What if TBPN Existed in the 1970s?
Imagine walking down a busy high street in 1974. Between the record shops and the laundrettes, you spot something unexpected: a broadcast studio called TBPN. It shouldn't exist — not for another few decades — but here it is, fitting in perfectly among the brown brick and hand-painted signage of the era.
Two presenters in wide-collared shirts leaned into chrome microphones while banks of CRT monitors flickered behind them. Through the glass, a director pointed and counted down. The teletype machine hammered out breaking tech news that nobody else was covering yet. This was where the future got its first broadcast.
The Details That Sell the Illusion
Every Modern Retro storefront is built from the visual language of the 1970s — warm tungsten lighting, Kodachrome film tones, wood panelling, and period typography. Here's what makes the TBPN store feel authentic:
- Live broadcast desk with chrome microphones
- Banks of CRT monitors showing different feeds
- Production gallery visible through glass
- Teletype machines printing breaking news
- Wood-panelled walls and studio lighting
The Absurdity Factor
Part of the charm of Modern Retro is the contrast between what a brand does today and what it would have been in the 70s.

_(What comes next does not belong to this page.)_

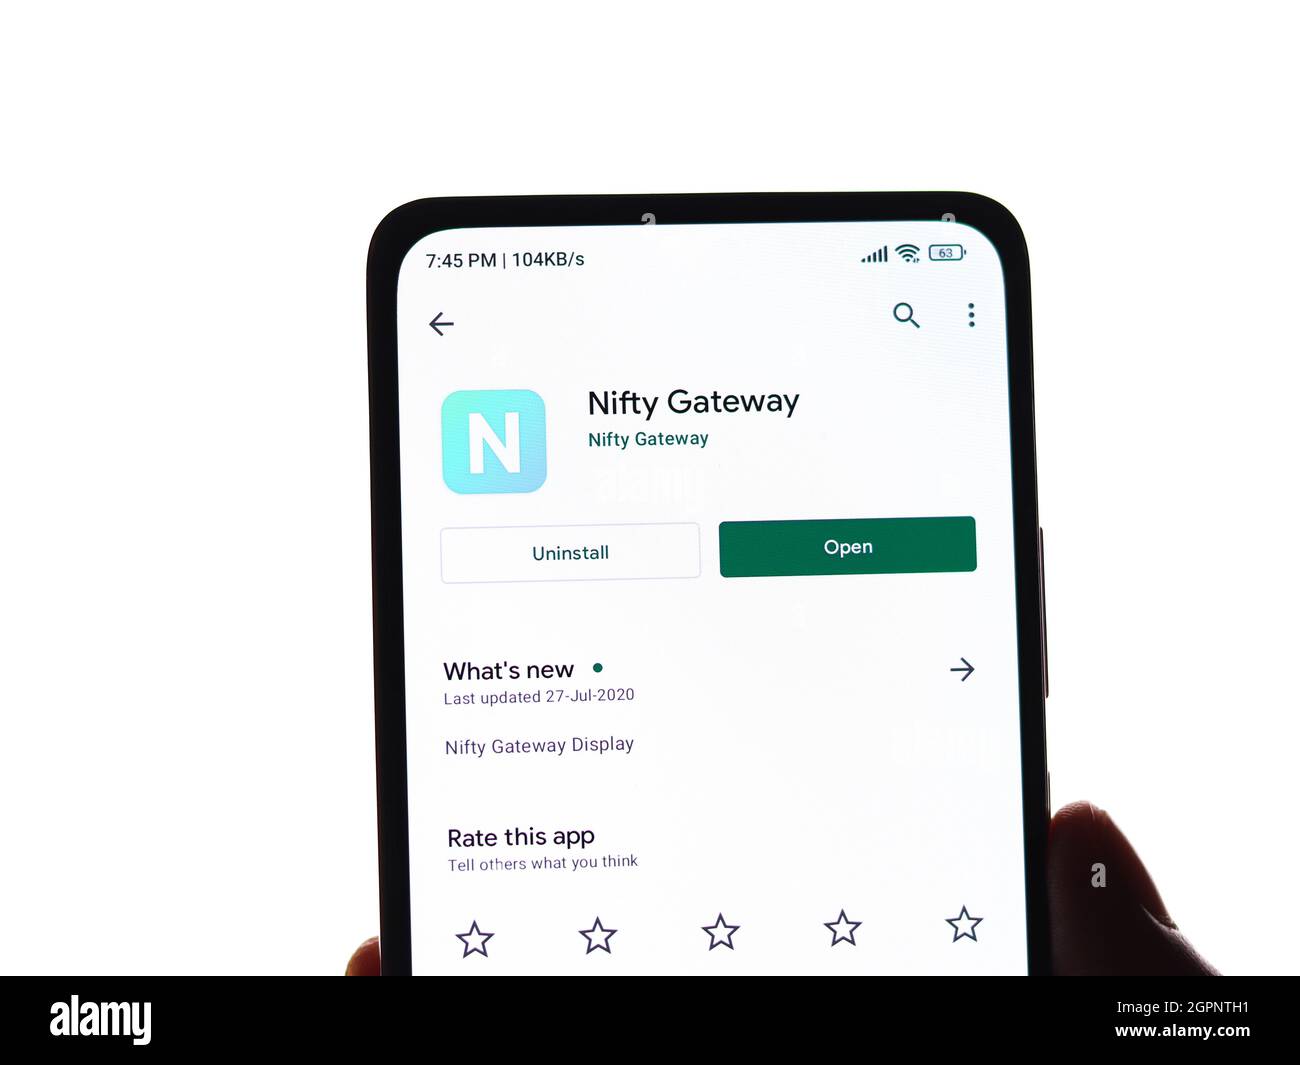 West Bangal, India - September 28, 2021 : Nifty Gateway logo on phone screen stock image. Stock Photo
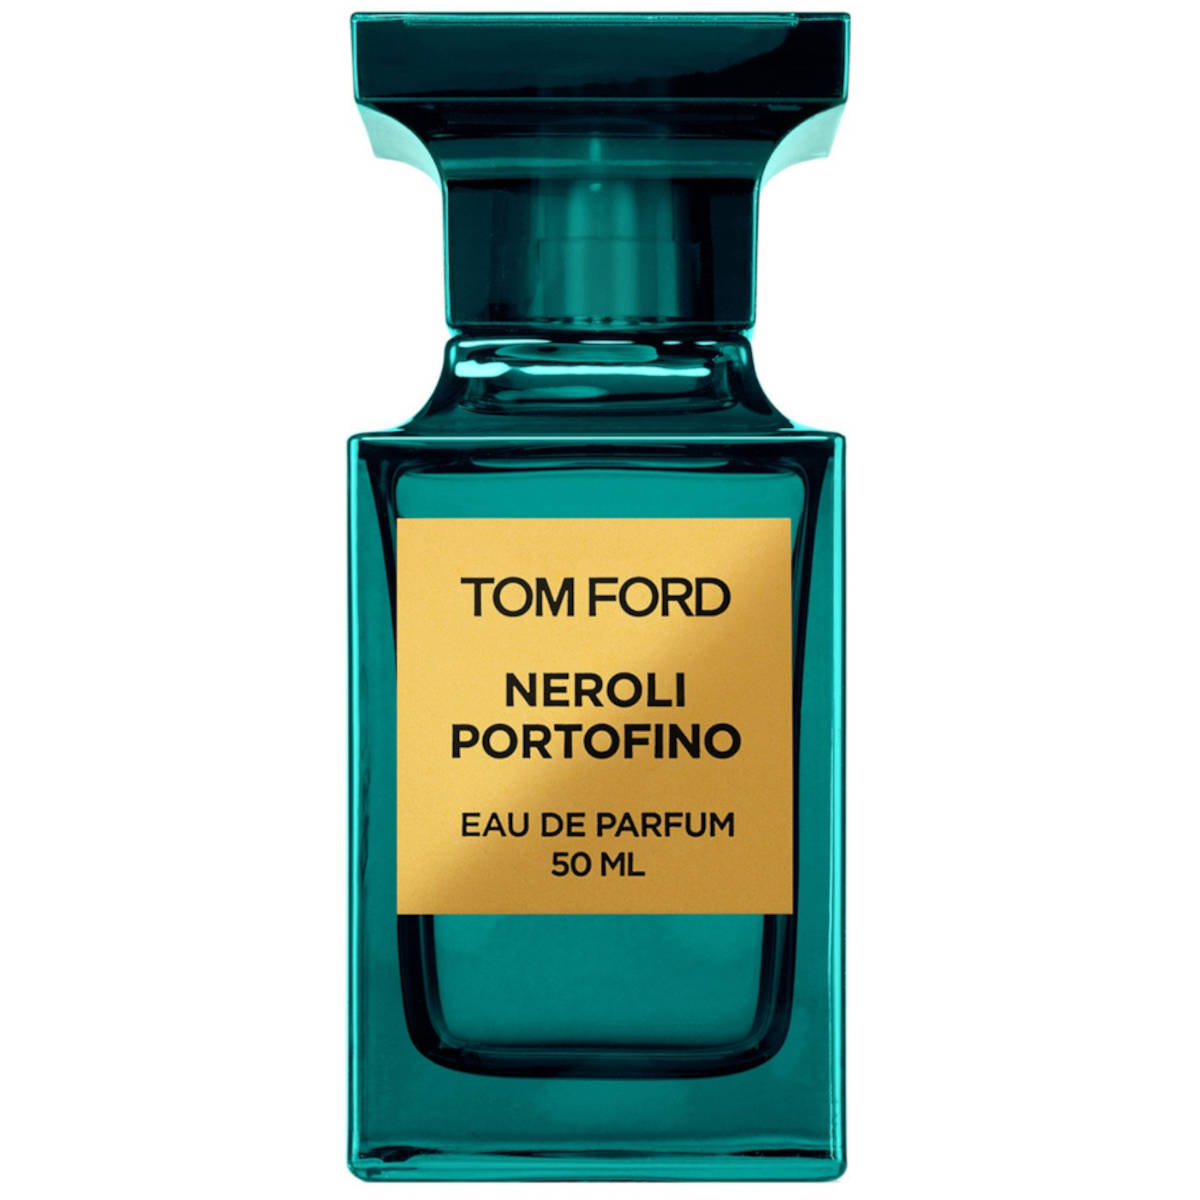 Tom Ford profumo agrumato Neroli Portofino

TBPN as a broadcast studio is perfectly natural — the kind of shop you'd walk past without a second glance, never knowing that decades later it would become something entirely different.
That tension between the familiar and the impossible is what makes these images work. They're not parodies — they're love letters to an era when everything was a bit more tactile, a bit more human, and a lot more orange.